Hits@k w.r.t. proportion of seed alignment

Combination with Machine Translation. Since machine translation is often used in cross-lingual ontology matching [9, 21], we designed a machine translation based approach that employs Google Translate to translate the labels of entities in one KB and computes similarities between the translations and the labels of entities in the other KB. For similarity measurement, we chose Levenshtein distance because of its popularity in ontology matching [3].

We chose DBP15K\(_\text {ZH-EN}\) and DBP15K\(_\text {JA-EN}\), which have big barriers in linguistics. As depicted in Table 3, machine translation achieves satisfying results, especially for Hits@1, and we think that it is due to the high accuracy of Google Translate. However, the gap between machine translation and JAPE becomes smaller for Hits@10 and Hits@50. The reason is as follows. When Google misunderstands the meaning of labels (e.g. polysemy), the top-ranked entities are all very likely to be wrong. On the contrary, JAPE relies on the structure information of KBs, so the correct entities often appear slightly behind. Besides, we found that translating from Chinese (or Japanese) to English is more accurate than the reverse direction.

To further investigate the possibility of combination, for each latent aligned entities, we considered the lower rank of the two results as the combined rank. It is surprising to find that the combined results are significantly better, which reveals the mutual complementarity between JAPE and machine translation. We believe that, when aligning entities between cross-lingual KBs where the quality of machine translation is difficult to guarantee, or many entities lack meaningful labels, JAPE can be a practical alternative.

Table 3. Combination of machine translation and JAPE

Results at Larger Scale.
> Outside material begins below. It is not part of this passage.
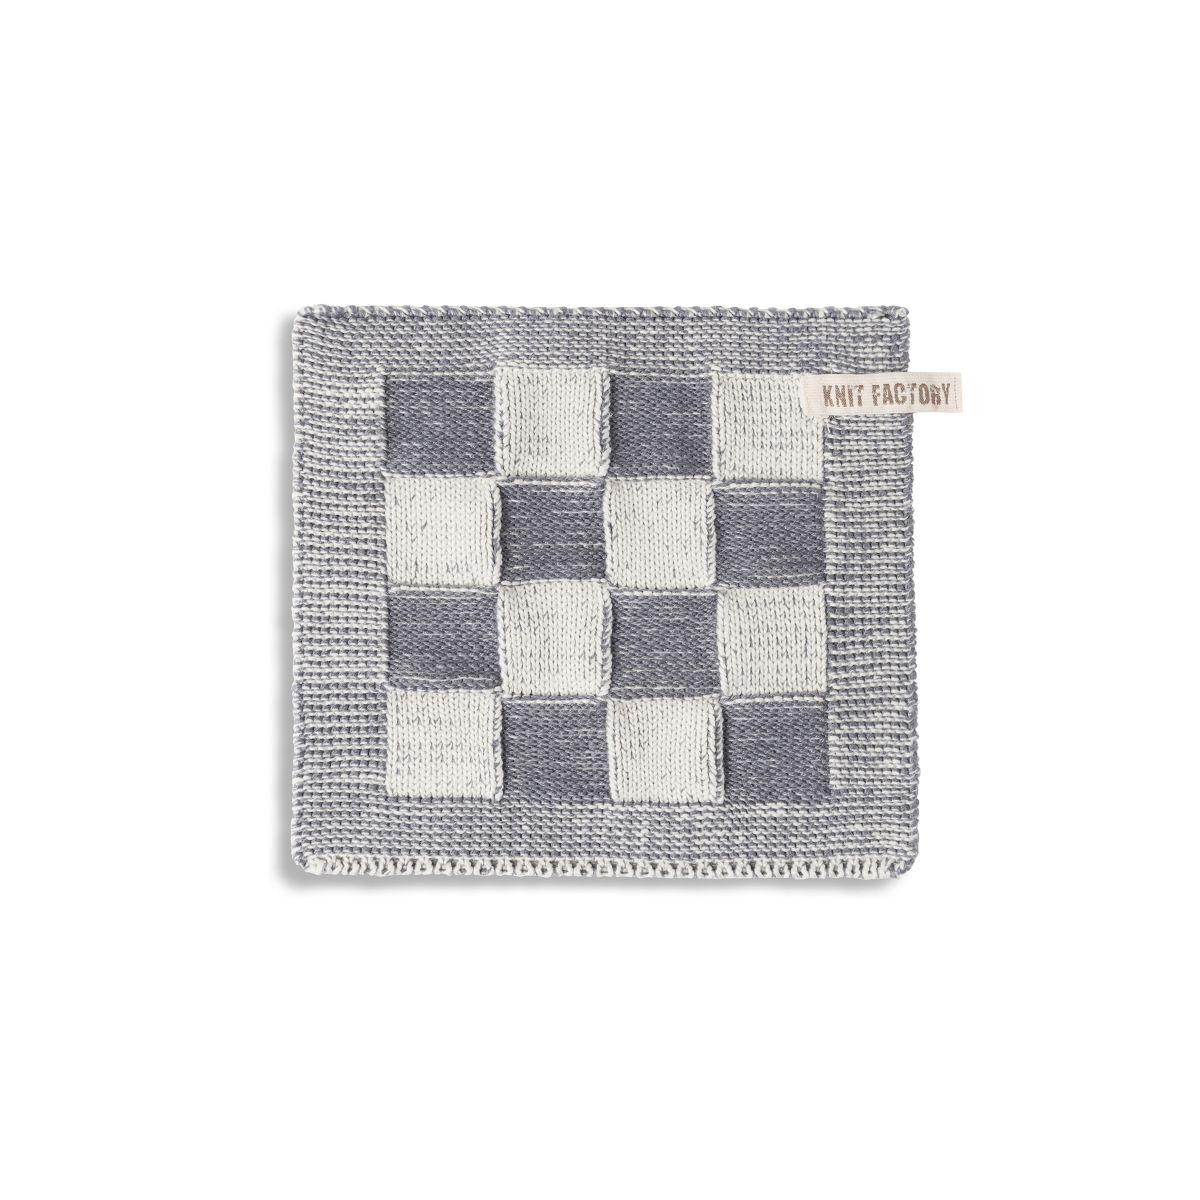 knit factory 2010379 pannenlap grote blok 2 kleuren ecru med grey

To test the scalability of JAPE, we built three larger datasets by choosing 100 thousand ILLs between English and Chinese, Japanese and French in the same way as DBP15K. The threshold of relationship triples to select ILLs was set to 2. Each dataset contains several hundred thousand entities and several million triples. We set \(d=100, \beta =0.1\) and keep other parameters the same as DBP15K. For JE, the training takes 2000 epochs as reported in its paper. The results on DBP100K are listed in Table 4. Due to lack of space, only Hits@10 is reported. We found that similar results and conclusions stand for DBP100K compared with DBP15K, which indicate the scalability and stability of JAPE.

Table 4. Hits@10 comparison on DBP100K

Furthermore, the performance of all the methods decreases to some extent on DBP100K. We think that the reasons are twofold: (i) DBP100K contains quite a few “sparse” entities involved in a very limited number of triples, which affect embedding the structure information of KBs; and (ii) as the number of latent aligned entities in DBP100K are several times larger than DBP15K, the TransE-based models suffer from the increased occurrence of multi-mapping relations as explained in [22]. Nevertheless, JAPE still outperformed JE and MTransE.

5 Conclusion and Future Work

In this paper, we introduced a joint attribute-preserving embedding model for cross-lingual entity alignment. We proposed structure embedding and attribute embedding to represent the relationship structures and attribute correlations of KBs and learn approximate embeddings for latent aligned entities. Our experiments on real-world datasets demonstrated that our approach achieved superior results than two state-of-the-art embedding approaches and could be complemented with conventional methods based on machine translation.

In future work, we look forward to improving our approach in several aspects. First, the structure embedding suffered from multi-mapping relations, thus we plan to extend it with cross-lingual hyperplane projection. Second, our attribute embedding discarded attribute values due to their diversity and cross-linguality, which we want to use cross-lingual word embedding techniques to incorporate. Third, we would like to evaluate our approach on more heterogeneous KBs developed by different parties, such as between DBpedia and Wikidata.